Fixed between-channel timing skews in the ICSI Meeting data
Dan Ellis <dpwe@ee.columbia.edu> 2003-01-09


Summary: A bug in the recording system introduced a fixed timing skew
between the simultaneously-recorded channels in the ICSI meeting
data.  In many cases, this skew amounts to an advance of 64 samples 
(4 ms) between successive channels, which cumulates to a skew often
exceeding 50 ms between low-numbered and high-numbered channels.

We are confident that the skew remains fixed within each recording.
However, it is possible that different recording sessions will have
different skews, since the skew appears to be related to the
initialization of the soundcard.  

Because the skew is confounded by actual acoustic-path-length timing
differences, it is difficult to come up with an automatic method to
measure the skew for all recordings, and thus we are releasing the raw
data as recorded.  We hope to release details of the 'reference'
timing skews for each recording once they can be verified.
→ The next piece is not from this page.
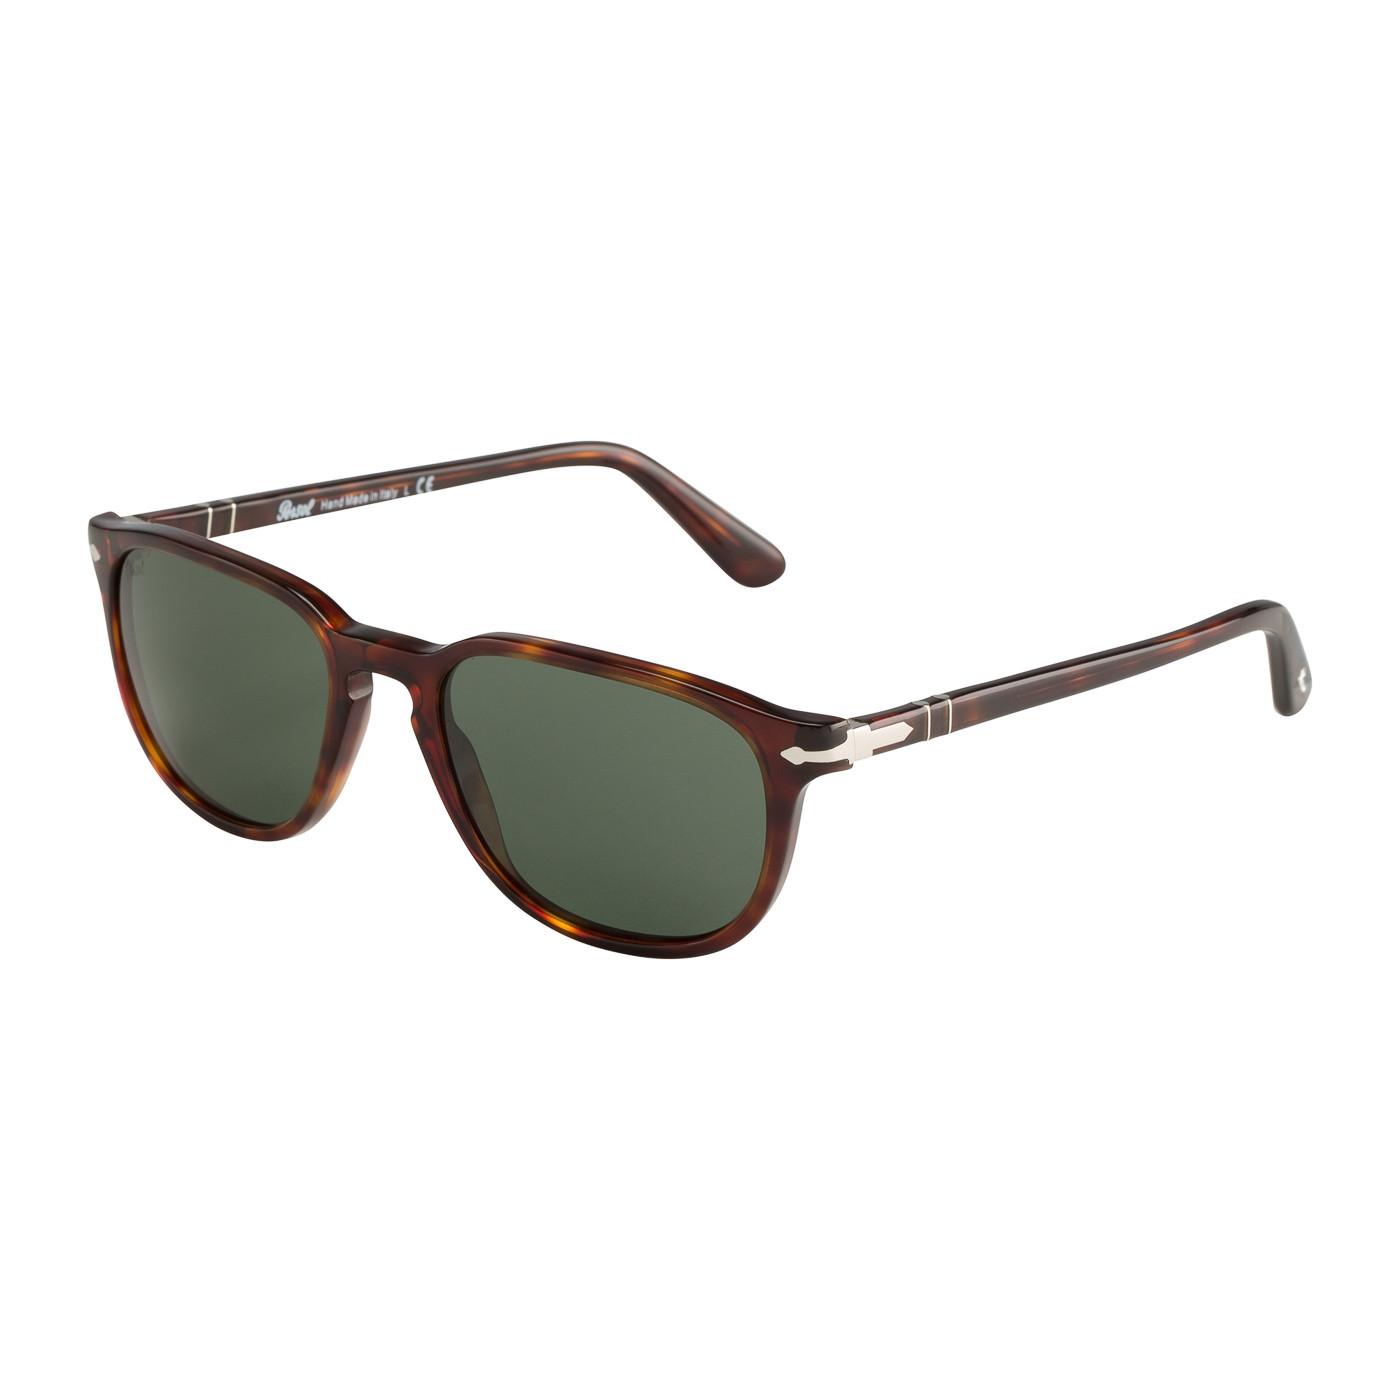 8bdf6992e3 Persol Havana Gafas de Sol PO3019 S24/3152 - Gafas de sol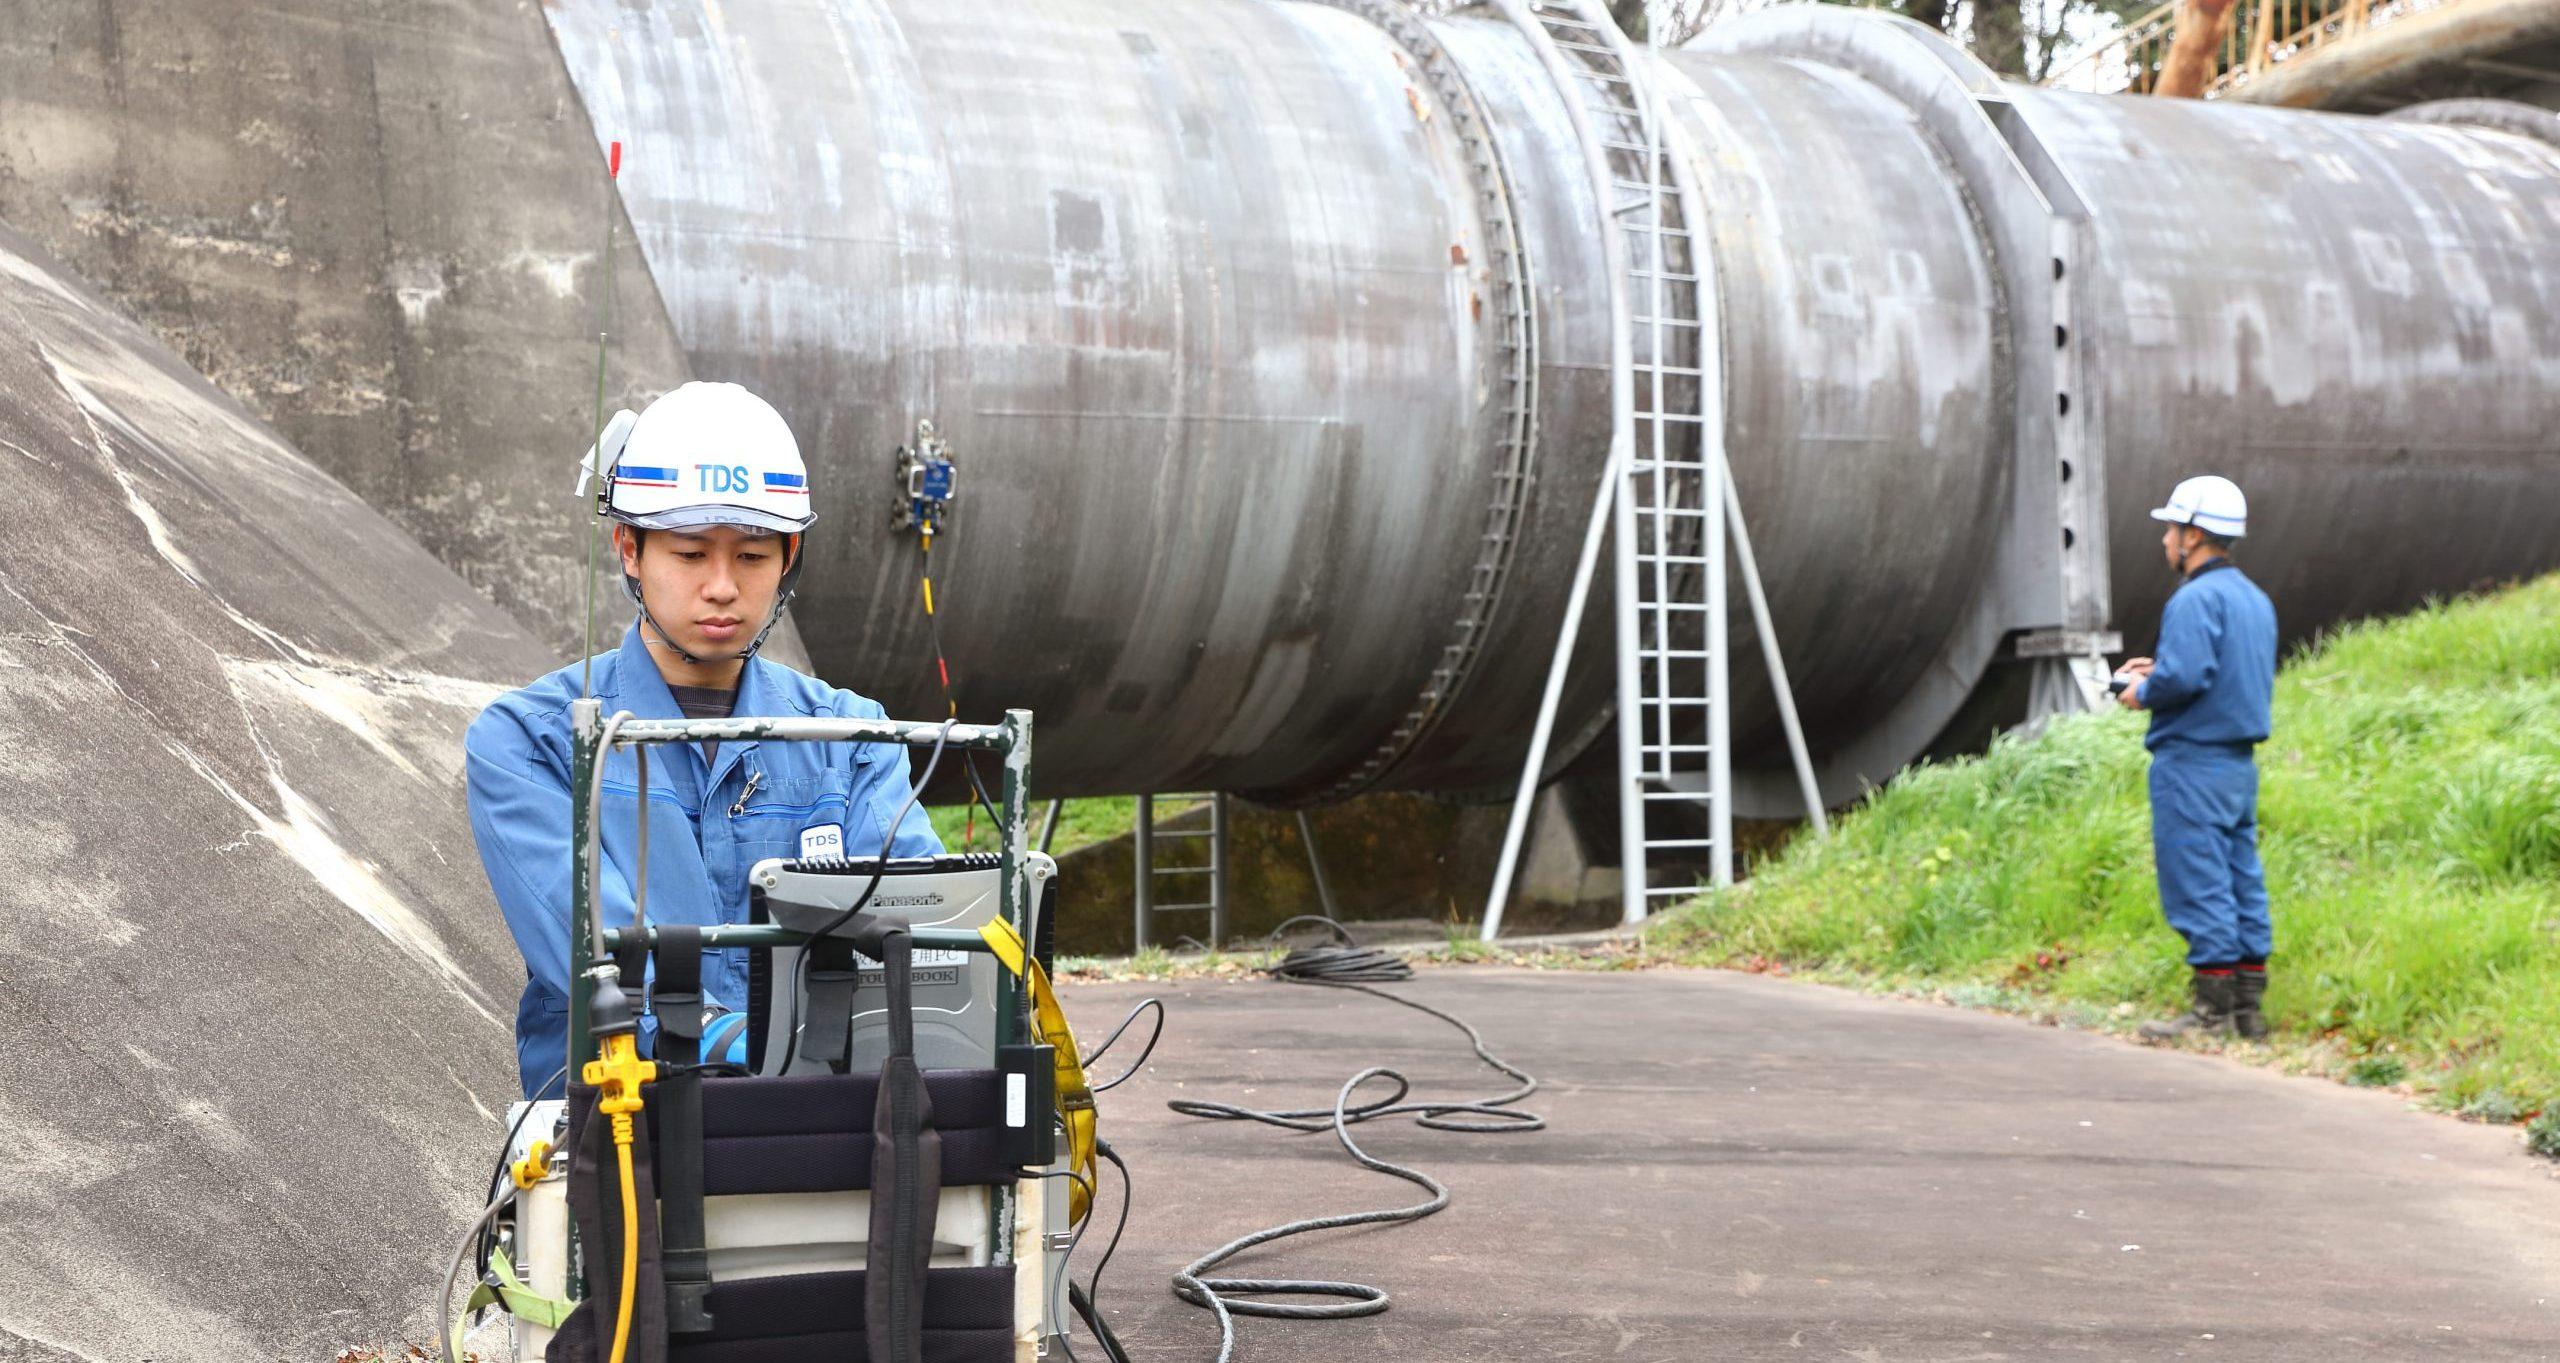 東京電設サービス株式会社(TDS)は各事業部門が一体となった総合力で、お客さまに寄り添い、最適なソリューションでお応えします。

Details:  The ICSI Meeting data was recorded with a Sonoros AUDI/O 16
channel digital audio PCI card interface.  The Linux driver we used
for the recordings was a beta release, and although it appeared to
operate quite reliably, we later discovered a major bug:  initializing
the card for multichannel recording introduced a fixed timing skew
between the recorded channels.  This skew is generally too short to be
perceived, but became very significant when we started looking at the
cross-correlation between channels for the purposes of spatial
location estimation.  

As far as we can tell, the problem arises because the channels are
initialized sequentially, and a certain number of samples accumulate
in lower-numbered channels before the higher-numbered channels are
opened.  This appears as a *delay* in the lower-numbered channels
relative to the higher-numbered channels, since the lower-numbered
channel essentially starts recording at an earlier time.  Thus, an
impulse that arrived simultaneously at two microphones on
adjacently-numbered channels would appear at a lower sample index in
the sound file recorded from the higher-numbered channel.  An
illustration of this negative trend between timing and channel number
can be seen in the cross-correlation image on the web page:
http://www.icsi.berkeley.edu/~dpwe/research/mtgrcdr/chanskew.html

We believe that the low-level organization of the card buffers samples
in blocks of 64 (at 48 kHz), so the skews are quantized to this
amount.  Of course, the recorded data has been downsampled by a factor
of 3 to 16 kHz, so the quantization of the skews appears at multiples
of 21.33 samples (1.33 ms) in the final waveforms.  In practice, the
skews appear very often to be exactly 64 samples at 16 kHz (or three
buffers of 64 samples at 48 kHz), i.e. an advance of 4.0 ms per
channel.  However, sometimes the delay between channels 0 and 1, and
less often between channels 1 and 2, can be larger than this e.g. 5.33
ms (four buffers) or larger.  The skew will not change within a single
recording session, but may be different if the soundcard is
reinitialized.  Thus, in general, then the skews in each separate
meeting recording will not be the same.

These numbers come from a number of test recordings made by Thilo Pfau
in September 2001 in which the microphones were arranged to receive
approximately simultaneous wavefronts.  In the actual meeting
recordings, the spatial variety of microphone and sound source
positions introduces acoustic-path-related delays that confound the
fixed skews.  For this reason, it is difficult to measure the precise
skew between a pair of channels in a particular recording.  In
situations where this number has been of concern (e.g. research we are
conducting into recovering the location of each speaker from the
tabletop mic recordings), our approach has been to try adding fixed
multiples of the 1.33 ms quantum to each delay until the inferred
positions become plausible.  This approach is generally unambiguous,
and confirmed the results from the direct measurements that the skews
between channels are usually -4.0 ms.

We had hoped to develop an automatic technique to go through all the
recordings and measure the skews, either to correct them before
release or at least to publish reference figures.  Unfortunately, we
have yet to come up with a satisfactory technique with which to
calculate these numbers.  If and when this analysis is performed, the
results will be made available.  

* end *